Calcutta has 1.5 lakh lamp posts, which utilise close to 28,789 kilowatt-hour electricity every day. According to experts, this translates into the production of about 288 tonnes of carbon dioxide a day.
The civic body has come up with a programme to minimise energy consumption on city roads. The pilot project, inaugurated by the mayor at a city hotel on Saturday, will use light-emitting diodes (LED) instead of the conventional sodium vapour lamps on streets.

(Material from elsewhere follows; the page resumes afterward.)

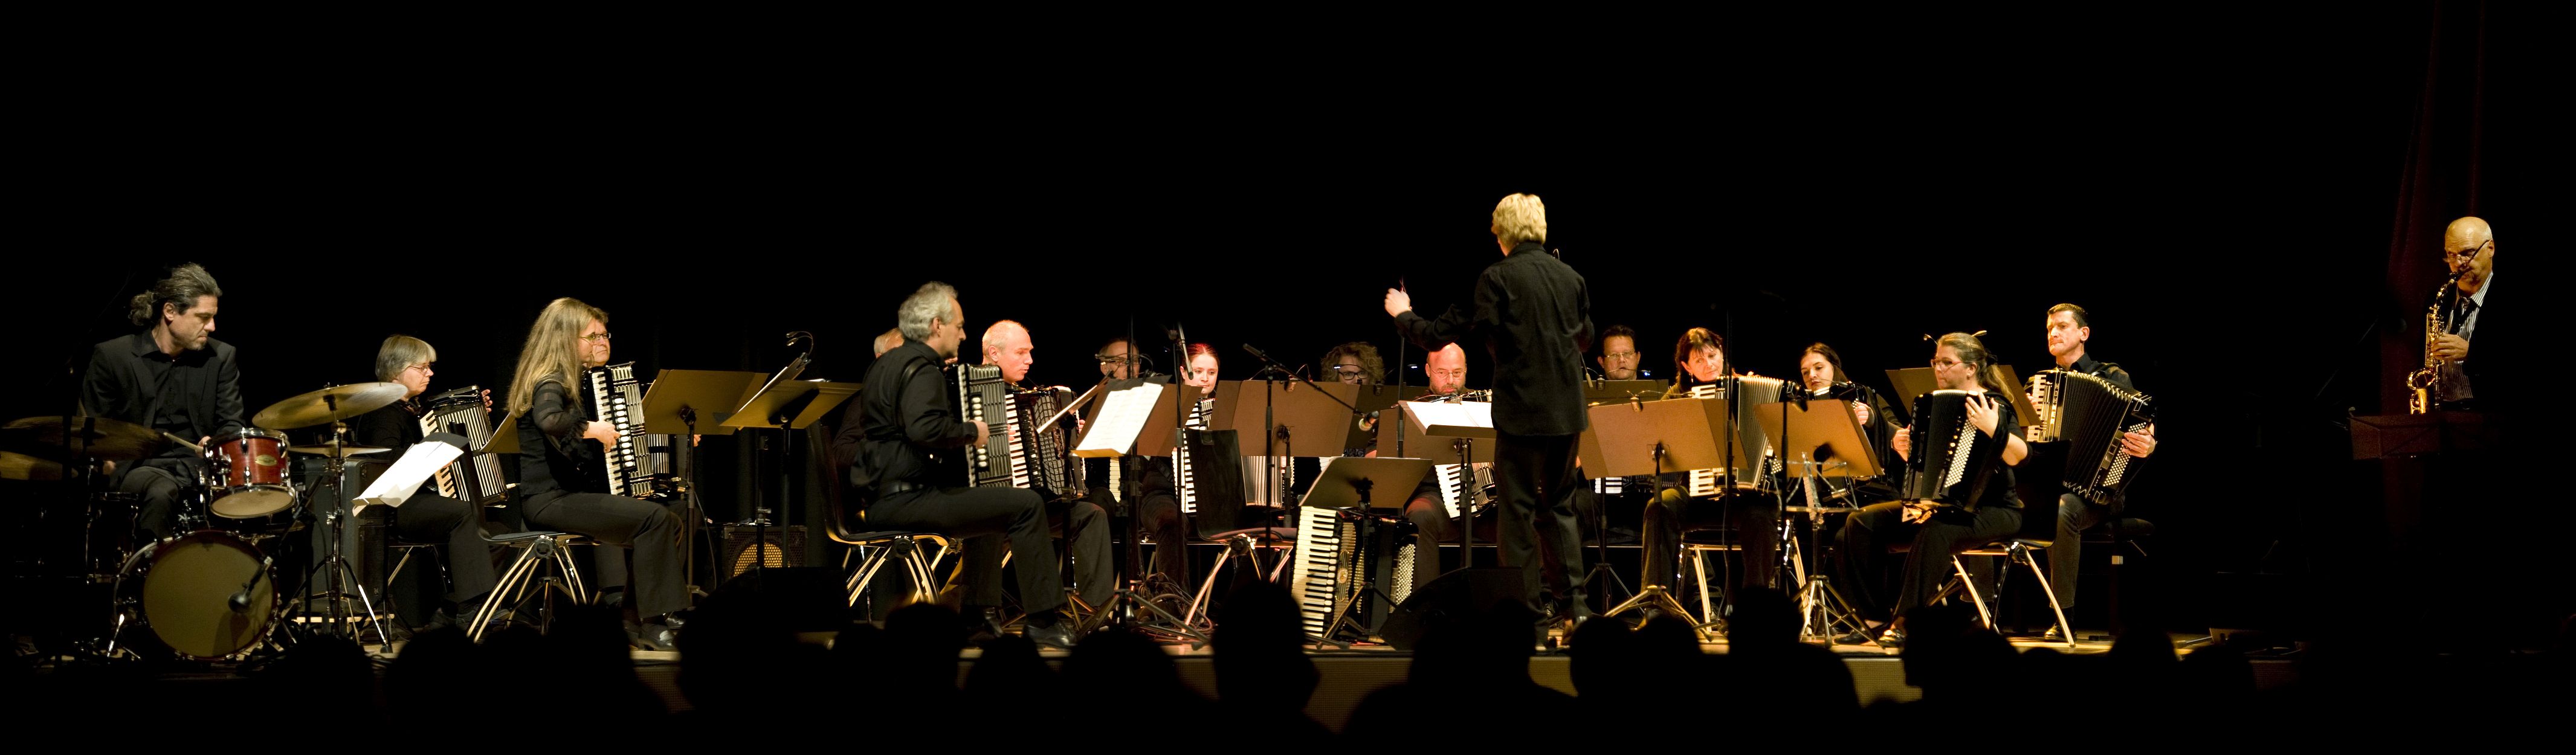 Freiburger Akkordeon Orchester
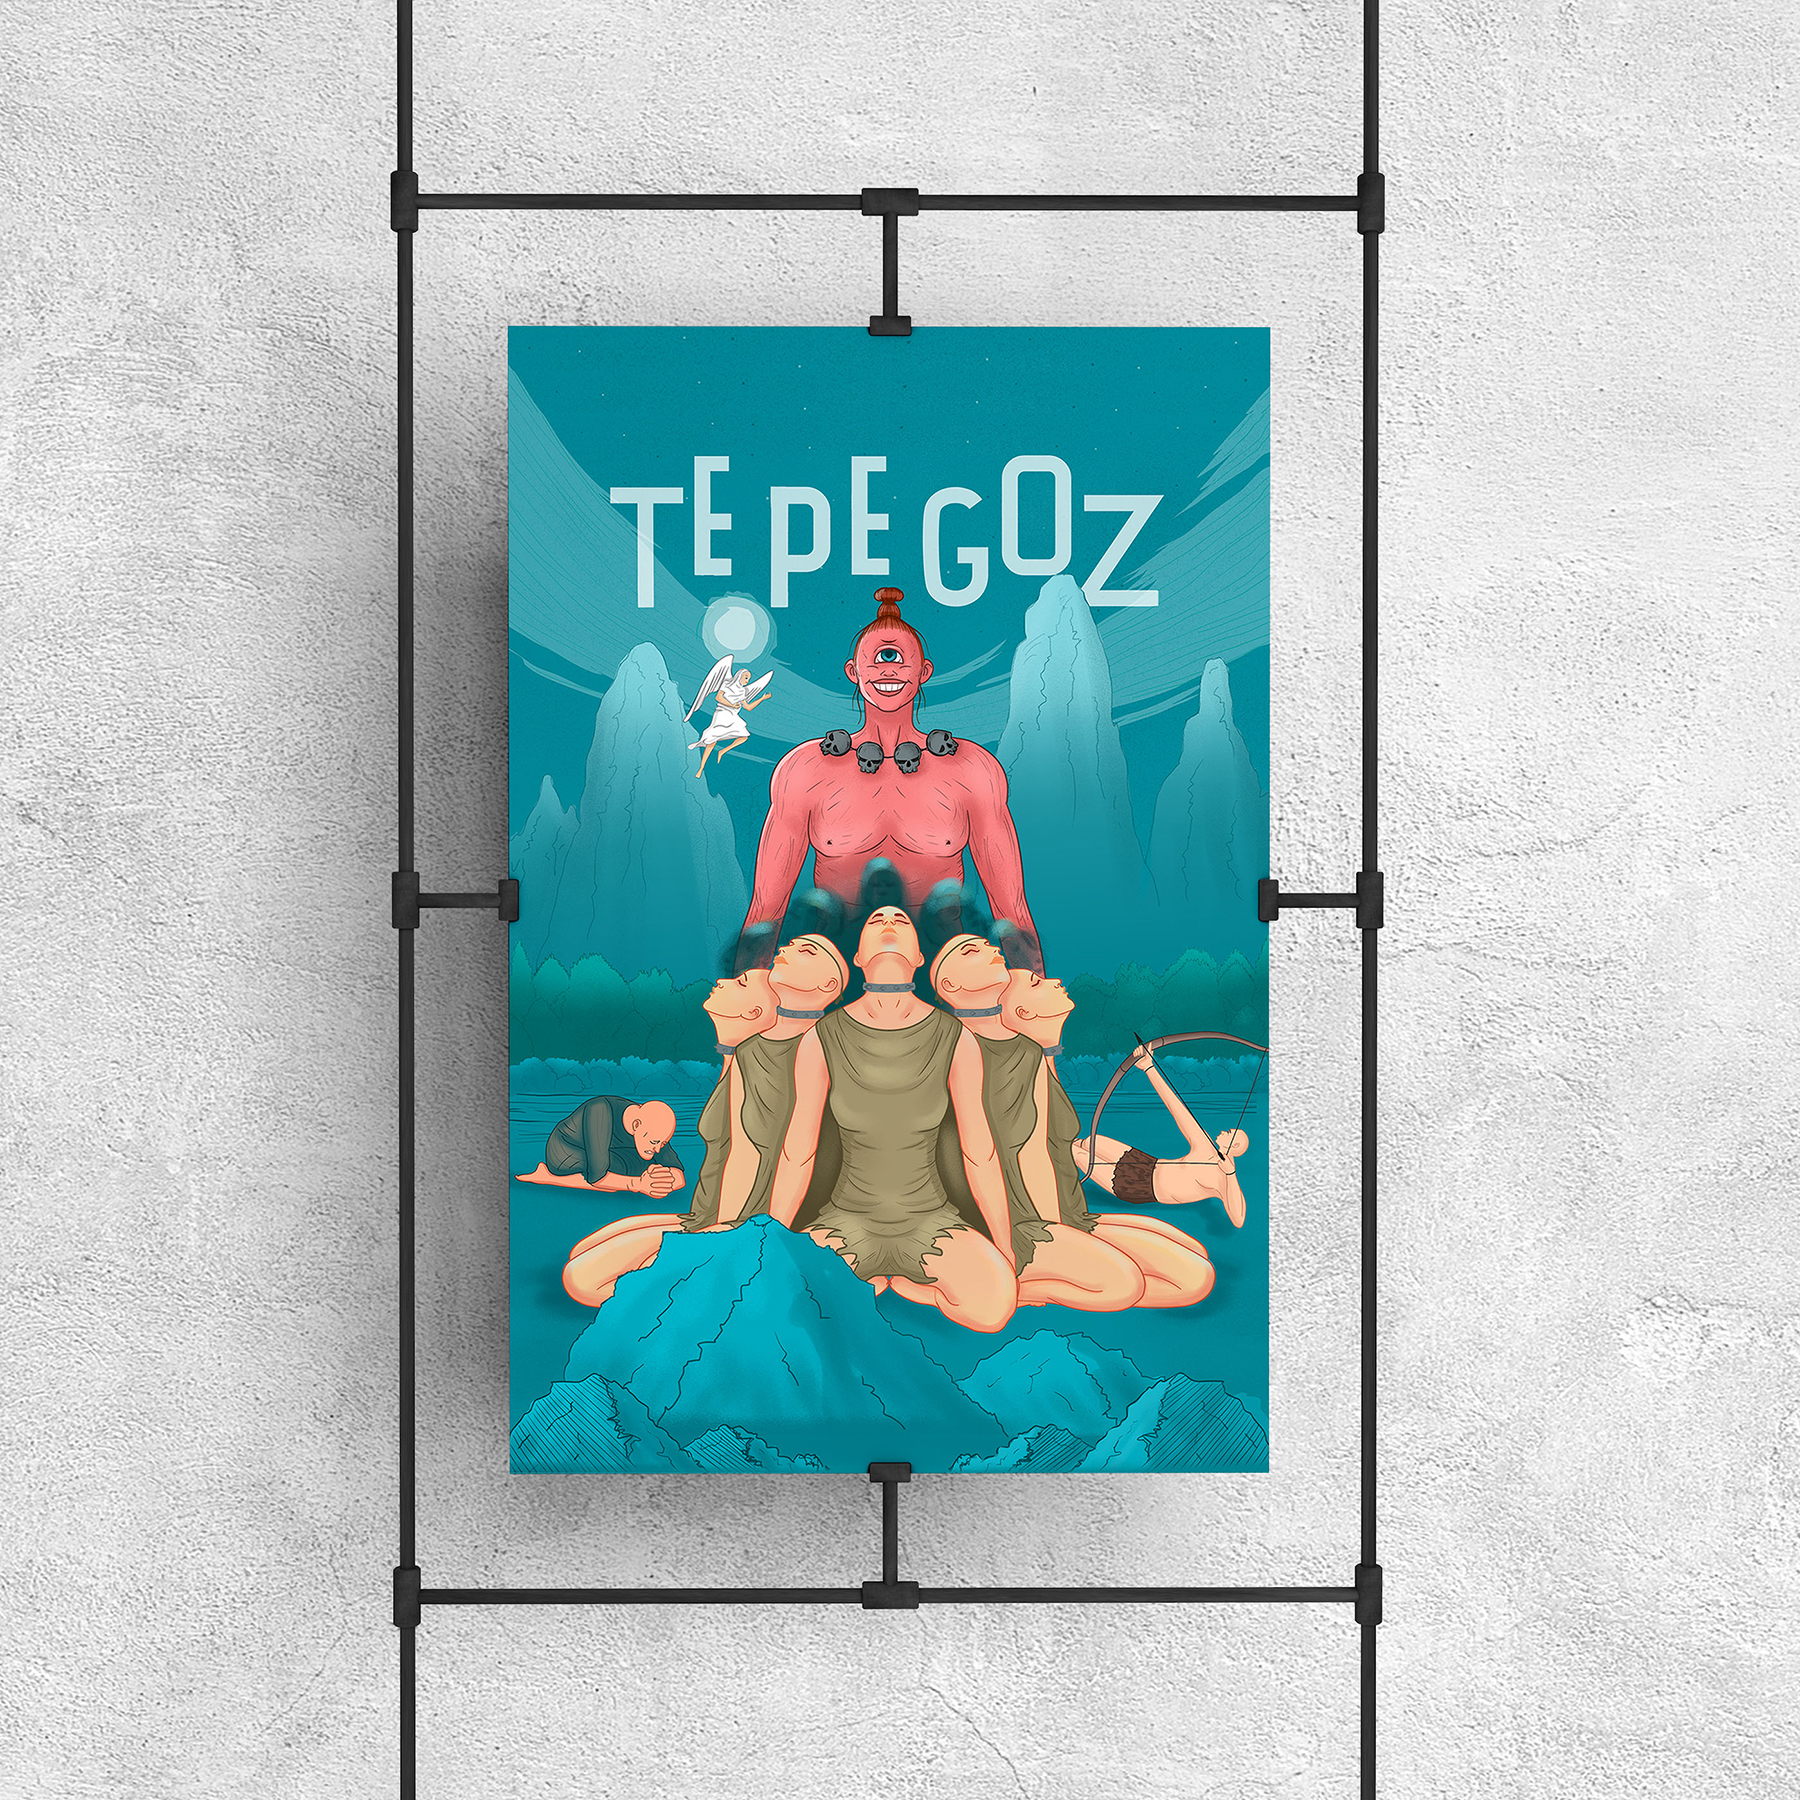 Tepegoz myth poster

“This is a first for Bengal. LEDs reduce energy consumption by at least 40 per cent,” says Sushil Sharma, the CMC’s mayor in council in charge of electricity and environment.
The cost of the pilot project is estimated at Rs 1.3 crore, to be shared equally by the Bureau of Energy Efficiency of the central government and the CMC, Sharma adds.
Climate Group, a Delhi based NGO, is facilitating the initiative. The group has worked on similar projects in New York, London, Adelaide and Hong Kong earlier, says one of its members, Aditi Dass.
The West Bengal State Electricity Distribution Company Ltd and the state Pollution Control Board are also partnering the project.
Initially, the bulbs in some 350 lamp posts in nine places — Belvedere Road, Alipore Road, Belgachhia Rail Gate, Satyajit Ray Park, Swinhoe Lane, Dr GS Road, Bondel bridge, Narkeldanga Main Road and Loudon Street — will be replaced with LEDs. This is expected to reduce generation of carbon dioxide by 300kg every day.
Will the project just add to the long list of pre-poll gimmicks? “It’s a dream project and we have already earmarked the entire amount the CMC is required to pump in,” counters Sharma.
Conversion to LED means 40 per cent less consumption from the state grid. If the project takes off, how will the government explain power cuts?